母さんが無理をしていることに、気づかないくらい忙しかった。
「お袋さんは」
「二年前に、倒れてそのまま。俺がちゃんと気づいてやれればもっと早く病院に行けたのに。それは少し、後悔しています」
でも生活は待ってくれない。星那の高校進学とか、店の事とか。幸い母さんも父さんも色々と残してくれたから生活に余裕はなくても頑張れた。

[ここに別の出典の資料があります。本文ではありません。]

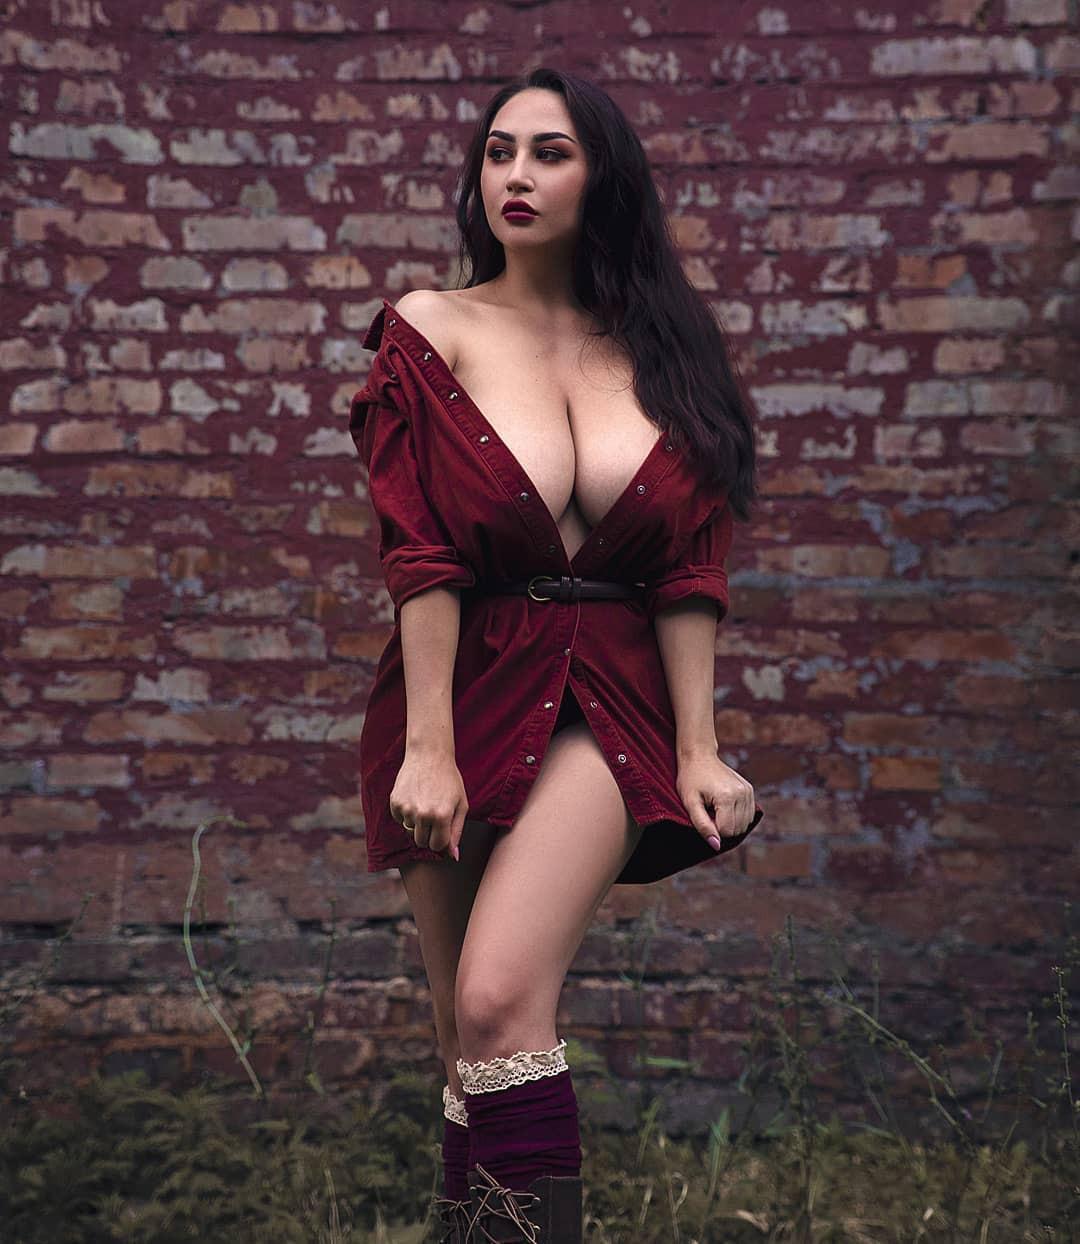 Louisa Khovanski photoshoot poses, thigh pics, hot legs picture

「なるほどな。そんだけ兄ちゃん頑張れば、妹は慕ってくれるわな」
「俺がこんなだから、星那の方は気が強くなって」
「聞こえてたぜ、『お兄ぃに乱暴したらぶっ殺す!』だったか。ありゃいい性格してるぜ」
「女の子がそんな言葉使いしちゃダメだよって言ってるのに」
「がははははっ」
大いに笑うデレクに苦笑の俺。そして脳裏に浮かぶのは妹の事だった。
「デレク。星那の自由を取り戻す為には何をしたらいい?」
真剣に問いかける俺を見て、デレクは笑いを収めてズイッと顔を寄せた。
「おう、それな。それを語るにはちぃとこの世界の事情ってもんを知ってもらう事になるが、いいか?」
「勿論」
「よし」
言いながら、デレクは再度お茶を淹れる。どうやら長丁場なようだ。
「この世界には幾つか種族がいて、それぞれ国を作ってる。そんで、世界のほぼ真ん中にあるのが魔の森と呼ばれる鬱蒼とした森だ。こいつが問題なんだ」
名前を聞いただけで怖い感じがする。そういえば魔物を狩るとか言っていた気がする。この世界には魔物がいるんだ。

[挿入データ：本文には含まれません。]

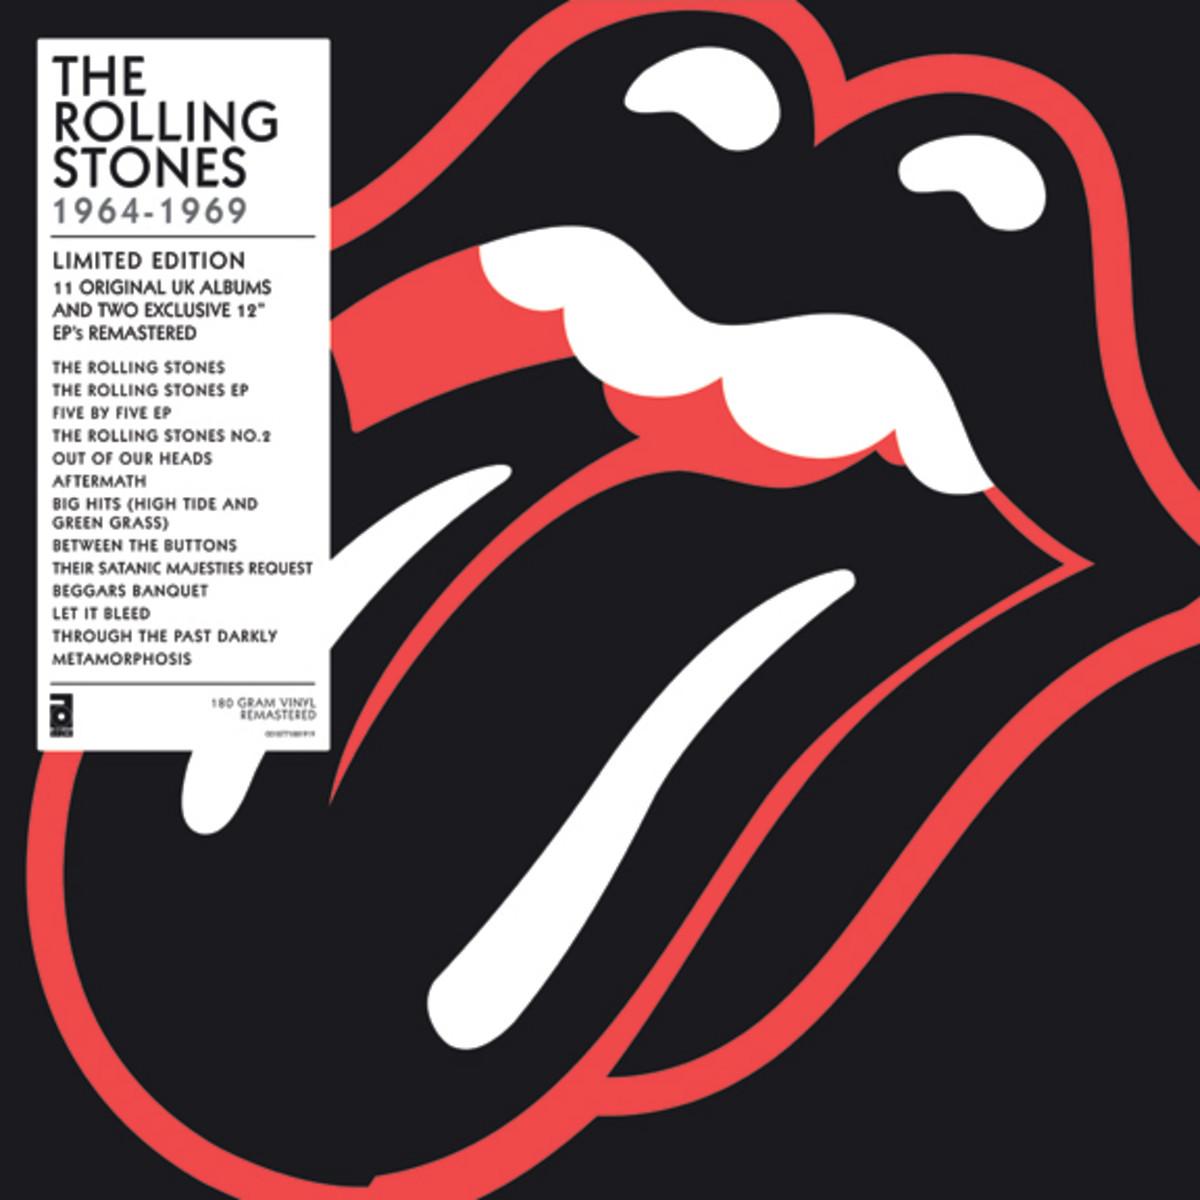 Rolling Stones box set on vinyl

「ここから瘴気ってもんが出てて、魔物を産んだり呼び寄せたり、大地や大気を汚染する。人間の国はこの森に近い所にあってな、森から溢れた魔物の暴走で滅んじまった。生き残りもそれぞれの国に行って、そこで婚姻なんかを繰り返すうちに純粋な人間は消えた」
「だから人はいないんですね」
混血はいるのだろうが、純粋な人族というのはいない。そして国は魔物の暴走で滅んだ。デレクも頷いている。

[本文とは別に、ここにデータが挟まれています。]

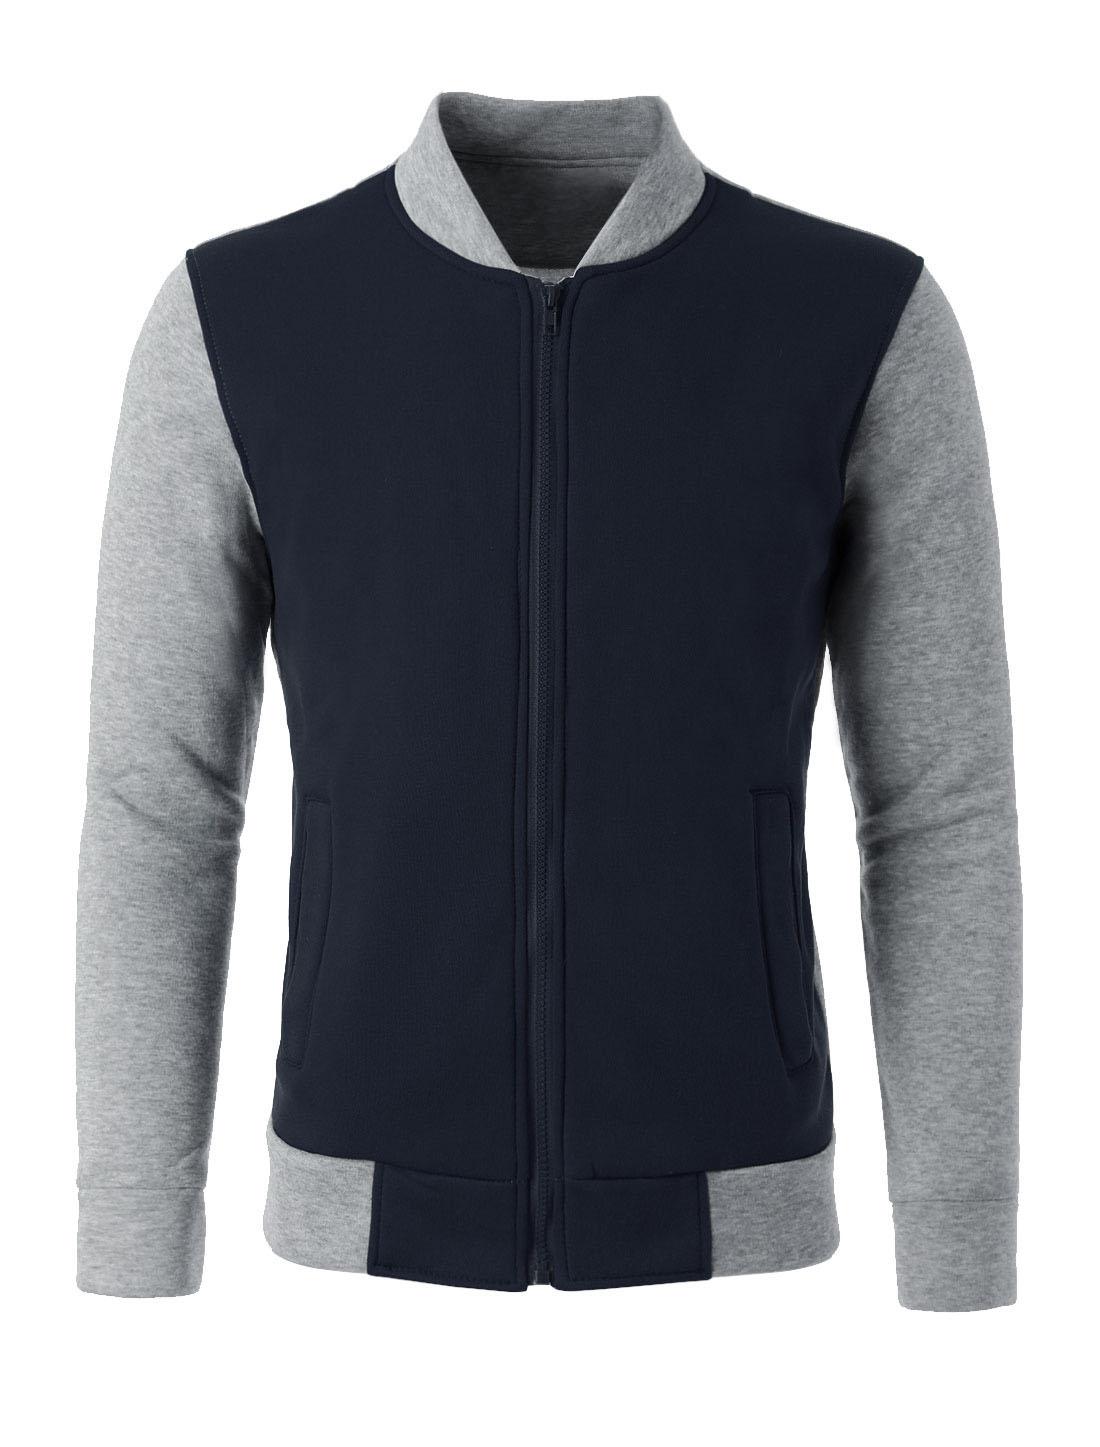 Men Color Block Lightweight Stand Collar Varsity Jacket Navy Blue Gray L

「この魔の森は大体の国がどこかしら接してて、魔物と瘴気の問題はどこも抱えている。だが俺達じゃこの瘴気を払えない。瘴気が原因の病も癒やせない。教会が多少やれるが、程度がな」
「深刻なんですよね?」
「まぁな。唯一瘴気を消せるのが異世界から来た聖女様だ。浄化能力があって、そいつで瘴気を消せる。ってなことで、各国がそれぞれ召喚なんかをするが、くる聖女の能力にバラつきがある。浄化能力が高いのもいれば、ちょこっとしかできないのもいる。でも聖女じゃなきゃ瘴気が消せないから王族や貴族が囲い込んじまう」
あぁ、だからあの王子は必死に星那を取り込もうとしているんだ。良い暮らしと贅沢を保証して、なんなら結婚とかも考えているのかもしれない。そうなれば聖女は王子のものになって、聖女の力が欲しければあの王子の言いなりになるしかない。
実に反吐の出る話だ。
「今回の儀式は第一王子が主導してきたんだが、少し前の魔物討伐で怪我をしてな。穢れも受けて傷の治りもよくなくて、仕方なくあの無能王子を代理にした。王子は二人で、慣例として儀式は王子が主導するってなってんだ」
「……その第一王子って人は、まともな人ですか?」
真剣な俺の問いかけに、デレクは大真面目に頷いた。
「民の為に動き、危険な魔物討伐にも御自ら参加して力を貸してくれる奇特な方さ。変わり者とも言うが、俺達も民もその人が好きだぜ」
「その人の怪我が治ってくれたら」
「お前の妹は第一王子の傘下に入って、聖女の仕事は頼んでも望まん事はしなくてよくなるだろうよ」
ニッと笑ったデレクを、俺は強い目で見た。
「俺に何かできませんか!」
「ははっ、助かるぜ。んじゃ、とりあえず少し落ち着いたら魔力鑑定とスキル鑑定をしてくれ。聖女と一緒に召喚されたお前さんがまったく無能とは思えん。何かしらあるんじゃないかと思うんだ。それを明らかにする」
俺に、何か特別な力がある? そんな感じはまったくしないけれど。でも、そこに希望があるのなら!
「やります!」
「おうよ。んじゃ、それまではここを頼む。マジで頼む。これから現場に連れてくけどよ……倒れるなよ?」
「どんだけなんですか、その現場」
頑張る。頑張るよ? でもそんなに脅されるほどの惨状って、どうなんだろう……。
希望は見えた。一抹の不安は肥大中。とにかく前に進まなければ何も進展はしないんだから、勇気を持って一歩踏み出せ!
俺の新生活はここから始まるのだから。